The final presentations of these visuals for October 2023 through August 2024 were compiled into an Excel file with clear labels and screenshots, prepared for executive review. This approach not only facilitated a more informed discussion among utility executives but also ensured that the data integration phase could proceed with confidence in the accuracy and completeness of the datasets.
As part of a broader initiative to integrate datasets from two overlapping regions, Couchiching (COU) and Orillia (OLA), a utility encountered significant discrepancies in meter data attributes. These inconsistencies needed to be addressed to ensure data integrity for effective analysis and integration. The utility required a detailed day-by-day, month-by-month review of meter read units (MRUs) for 2023 and 2024 to prepare the datasets for integration into Power BI.
Solution
To tackle this challenge, our team implemented a structured approach to cleanse the datasets for each region separately. This process was critical to maintaining the accuracy and consistency of the data before any integration could occur. We established a procedure where each region’s data was first aligned and formatted according to a standardized Mass Deploy master dataset. This included sorting by MRU and adding a next meter read date (next_MRD) column to streamline subsequent data merging.
We also conducted a detailed review of device locations within the datasets, particularly identifying and labeling any MRUs lacking precise device location data before they were imported into Power BI. To further ensure data quality, we compared latitude and longitude data for the OLA region using KMZ files in Google Earth, which allowed us to directly compare the geographic data provided by different sources (PEC vs. PIQ).
Result
The rigorous data cleansing process enabled the creation of precise and informative visualizations for each region, handled separately to maintain clarity and focus.

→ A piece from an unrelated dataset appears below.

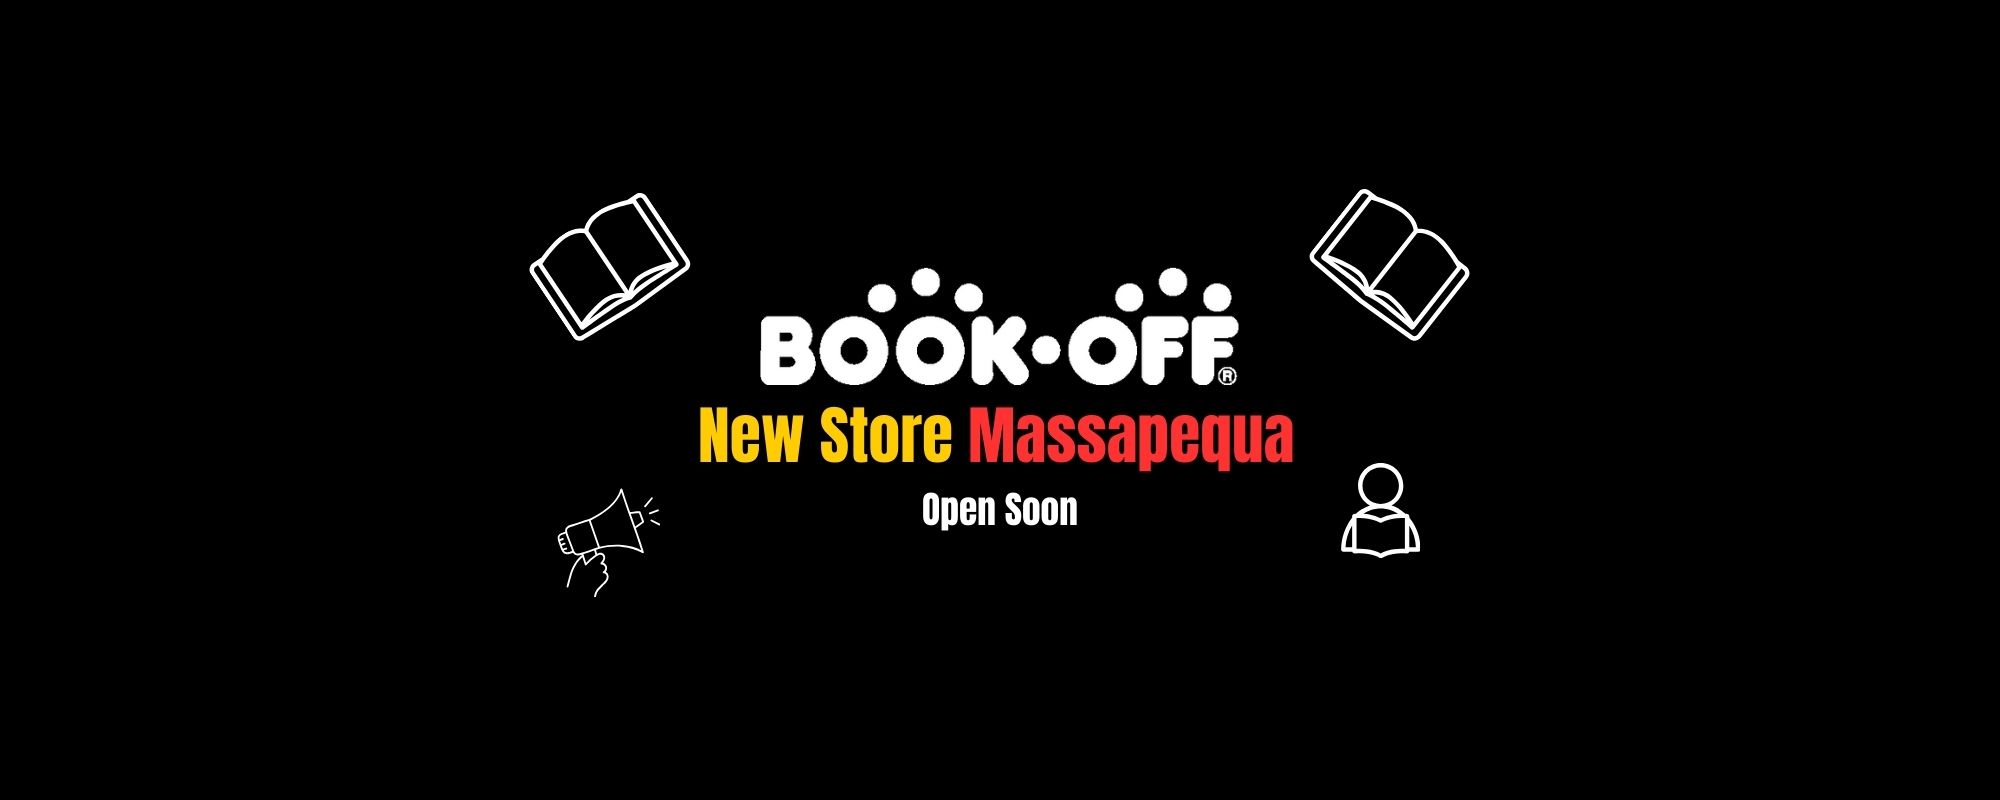 New Store Massapequa

These visuals were generated in Power BI and displayed MRU counts by day, month, and year, with an advanced filtering applied to highlight counts greater than or equal to 20 MRUs.
Each visualization provided a clear, detailed view of the data, organized chronologically and segmented by specific areas within each region, as indicated by the first eight letters of the region code. These visuals not only showcased the total meter reads required per day but also highlighted which MRU groups within the regions were most active, using color coding to distinguish between them.
The final presentations of these visuals for October 2023 through August 2024 were compiled into an Excel file with clear labels and screenshots, prepared for executive review. This approach not only facilitated a more informed discussion among utility executives but also ensured that the data integration phase could proceed with confidence in the accuracy and completeness of the datasets.